DATA PROVIDED:
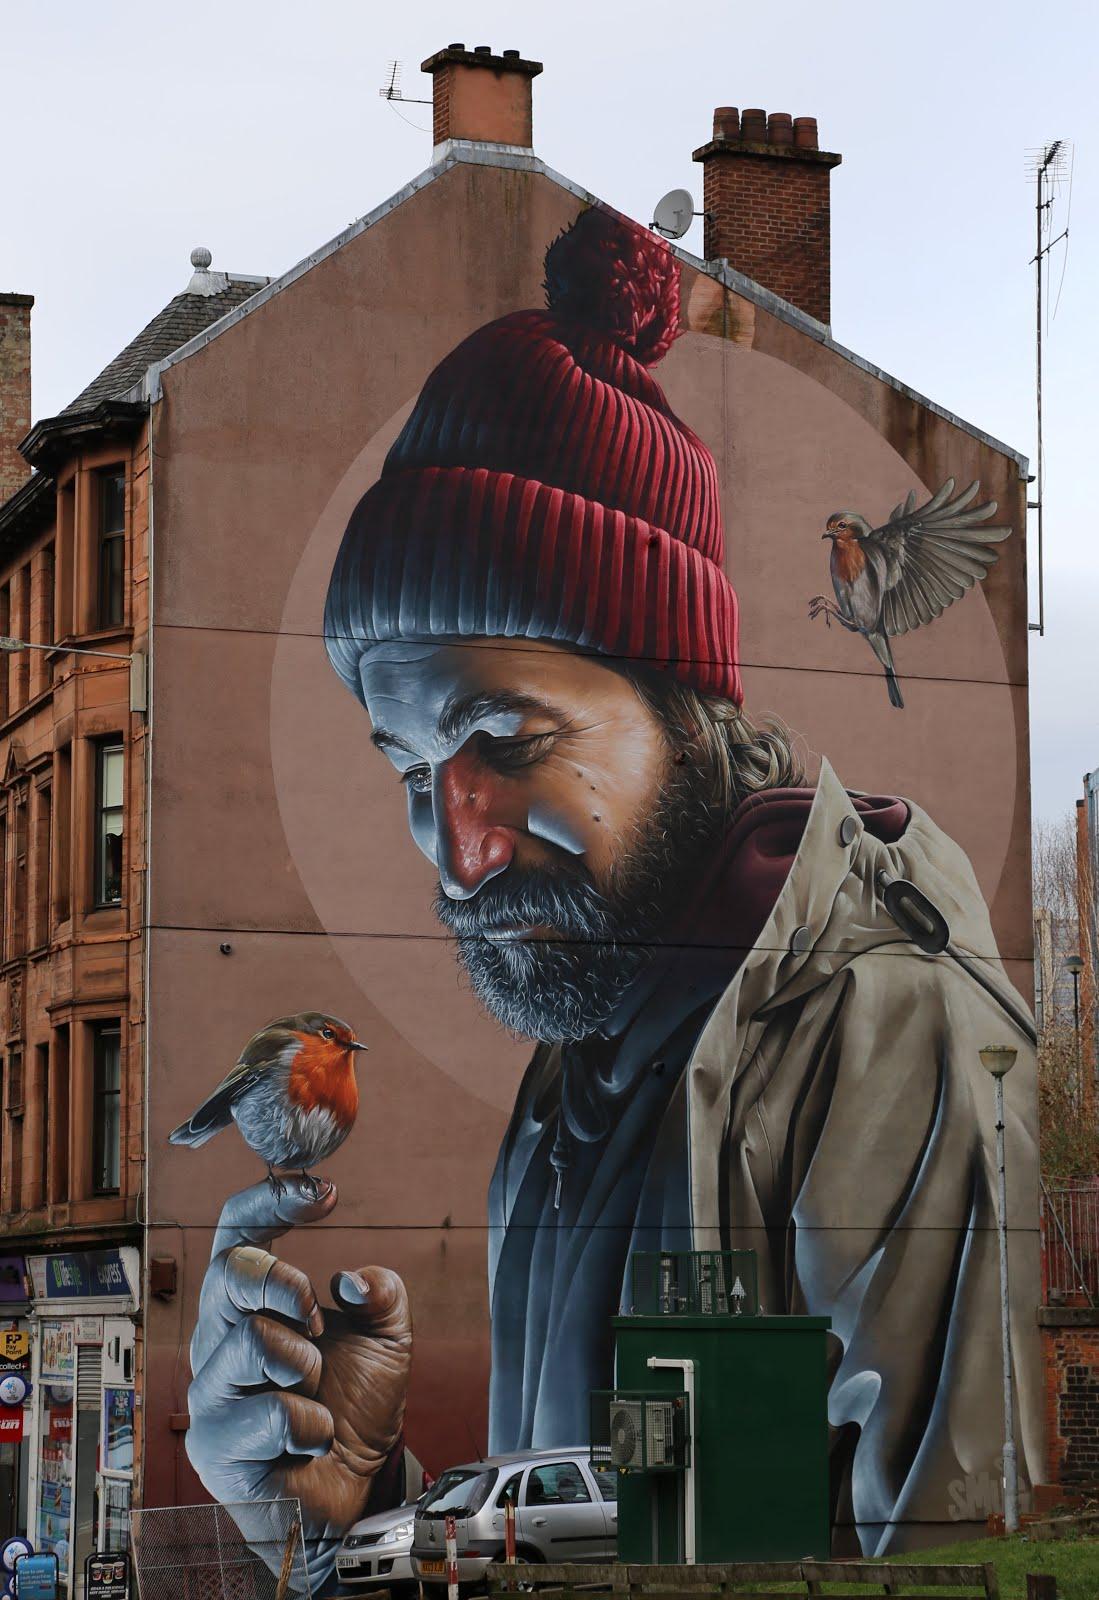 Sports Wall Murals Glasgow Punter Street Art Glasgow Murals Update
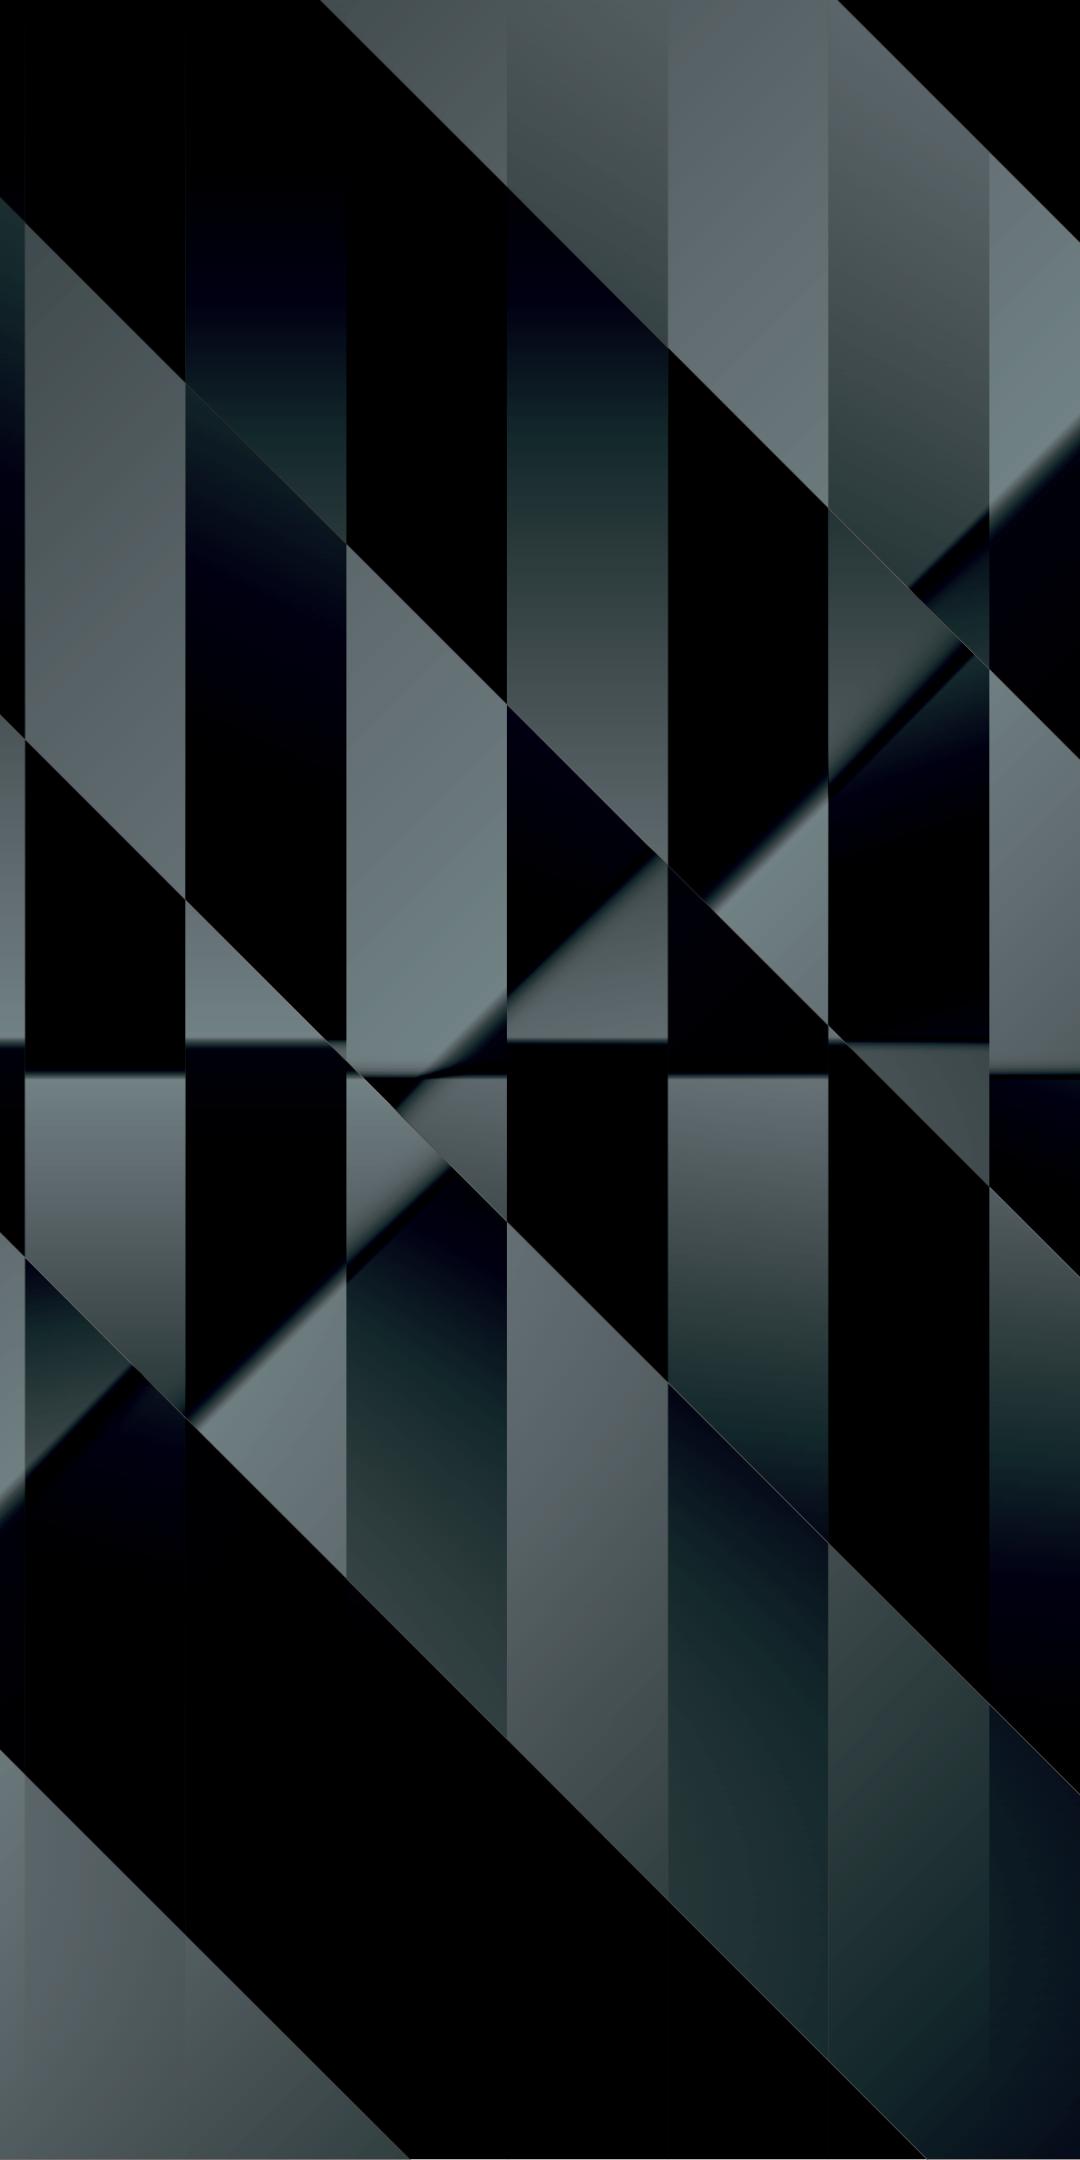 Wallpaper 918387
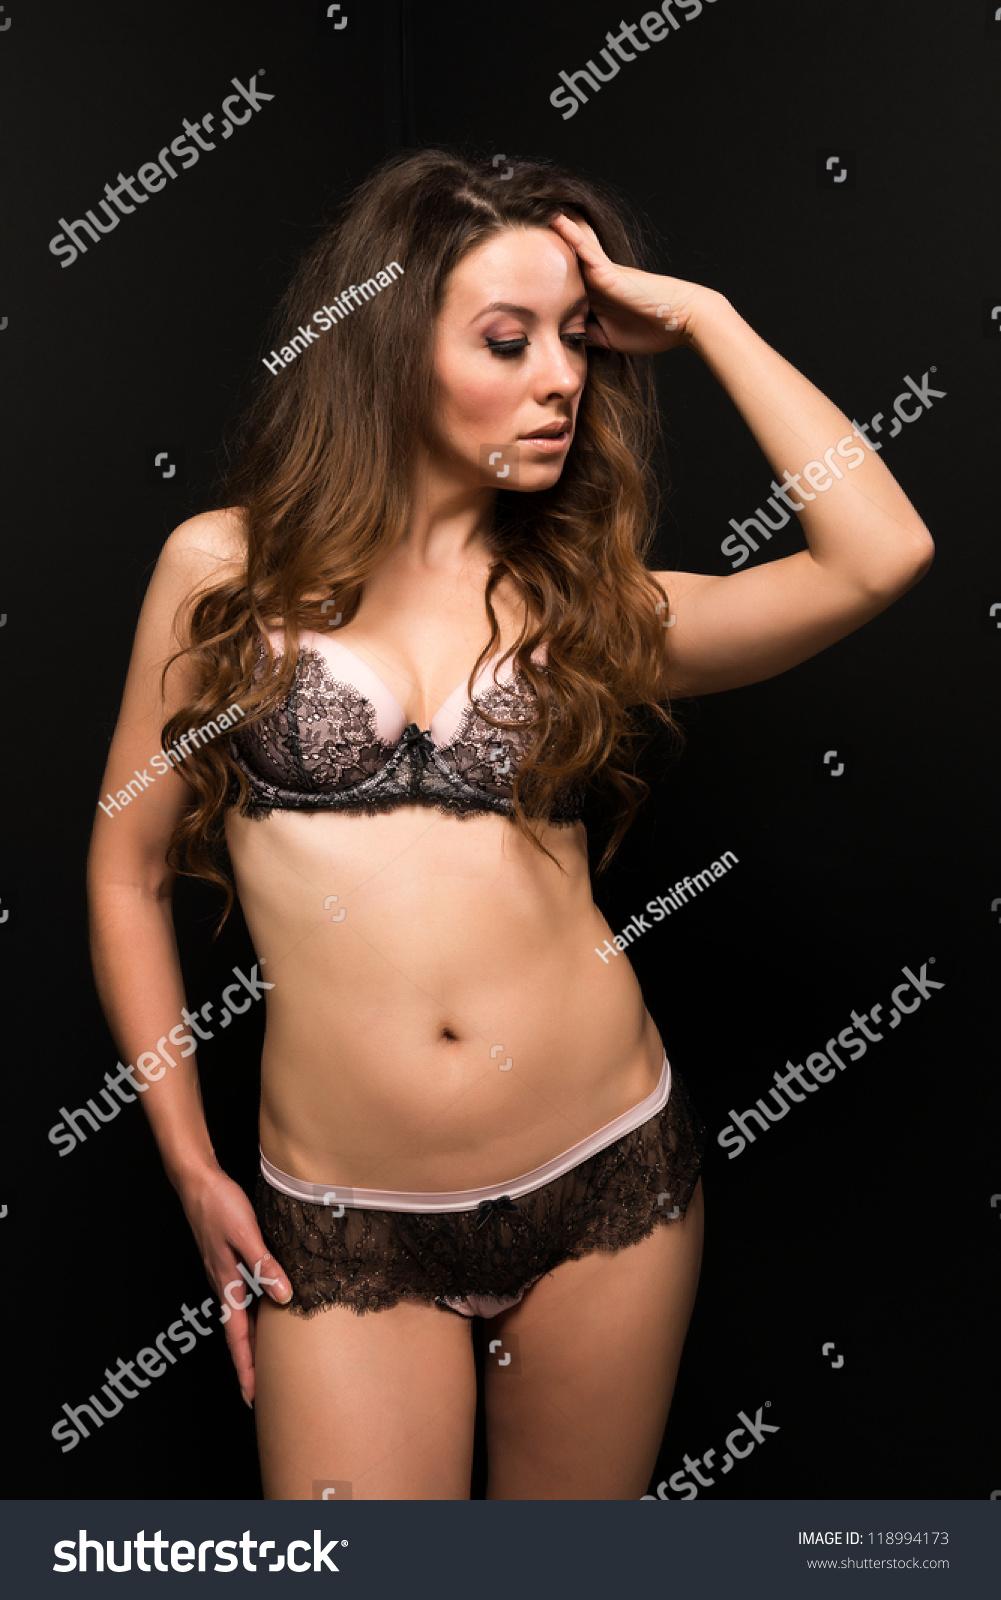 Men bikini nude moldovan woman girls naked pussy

ASSIGNMENT: Give back each line above exactly, with pictures dropped.

FINISHED EXERCISE:
 Sports Wall Murals Glasgow Punter Street Art Glasgow Murals Update
 Wallpaper 918387
 Men bikini nude moldovan woman girls naked pussy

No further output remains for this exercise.